Ryan Haczynski, one of her IB teachers at Strawberry Crest, said he received emails and text messages from his students as soon as the news emerged. Many — especially seniors — were frustrated and concerned that the cancellation might mean they won’t get their diploma, which can lead to college credits at some schools.

That shouldn’t be the case, though. In a memo posted late Monday, IB officials said the decisions on official diplomas will be based on other course assignments that reflect their “standard of work” over time.

“For every IB course, students submit multiple assessments over two years of instruction,” IB director general Siva Kumari said in a blog post interview. We will be taking those scores into account, using predictive analytics tools and engaging the 15,000 examiners who ordinarily would be reviewing the exams as we pivot to a new way of reviewing an individual’s body of work."

The organization expects to reveal more details about the plan later this week.

“Really, we’re in a holding pattern while awaiting more specifics,” said Jeff Morgenstein, principal of Pasco County’s Gulf High School, which also has an IB program.
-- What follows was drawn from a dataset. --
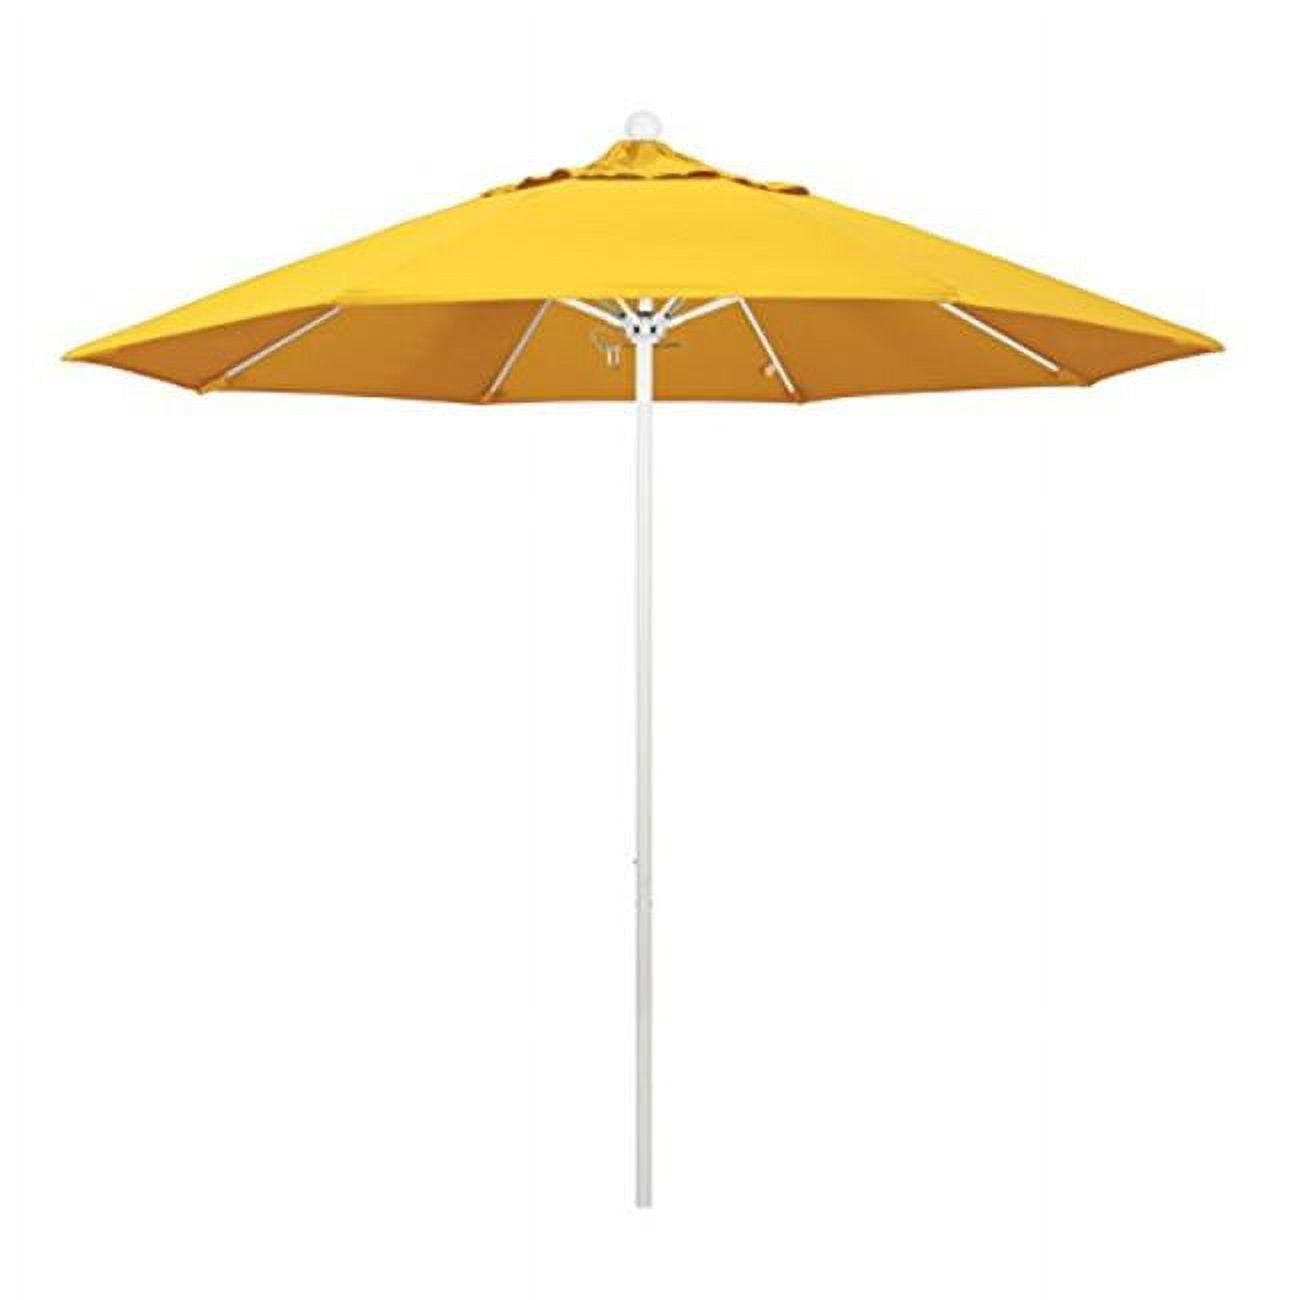 Alto908170-5457 9 Ft. Round Aluminum & Fiberglass Umbrella, Push Open & White Pole - Sunbrella Sunflower Yellow

Around the bay area, four Hillsborough County district high schools offer International Baccalaureate, along with three Pinellas district schools, two Pasco district schools and one Hernando district school.

The situation is much the same for Cambridge, which is offered at three Pinellas and two Pasco high schools. It also has canceled its exams, and will use the “best available evidence” to issue course grades and certificates, according to the program’s latest memo.

“We will provide guidance to schools on how students will receive those grades,” the organization stated. “We are talking to universities worldwide, and they are factoring these unprecedented circumstances into admissions decisions, so students can continue with their education journeys as soon as possible.”

The move differs widely from the College Board’s decision to have students take Advanced Placement courses online at home.

Related: High schoolers will take their AP exams at home, College Board says

Morgenstein said that difference made sense, since AP classes don’t have other assignments and work delivered to College Board to be included in their course results. The AP test is the sole determinant of whether a student earns a score worthy of college credit.

IB director general Kumari said her organization did consider using online testing, but rejected the idea for several reasons. Those included the possibility that not all students would have access to the tools needed to take the exams, and the concern for students’ well being in this time of instability.

“It wouldn’t be fair to our students at this incredibly stressful time to add another layer of stress to their lives,” she said in the blog interview. She added parenthetically, “Indeed, taking the IB exams under these current adverse conditions would not measure the true abilities of our IB scholars and not be valid.”

Both Cambridge and IB plan to provide additional information about how their courses will be scored in the coming days.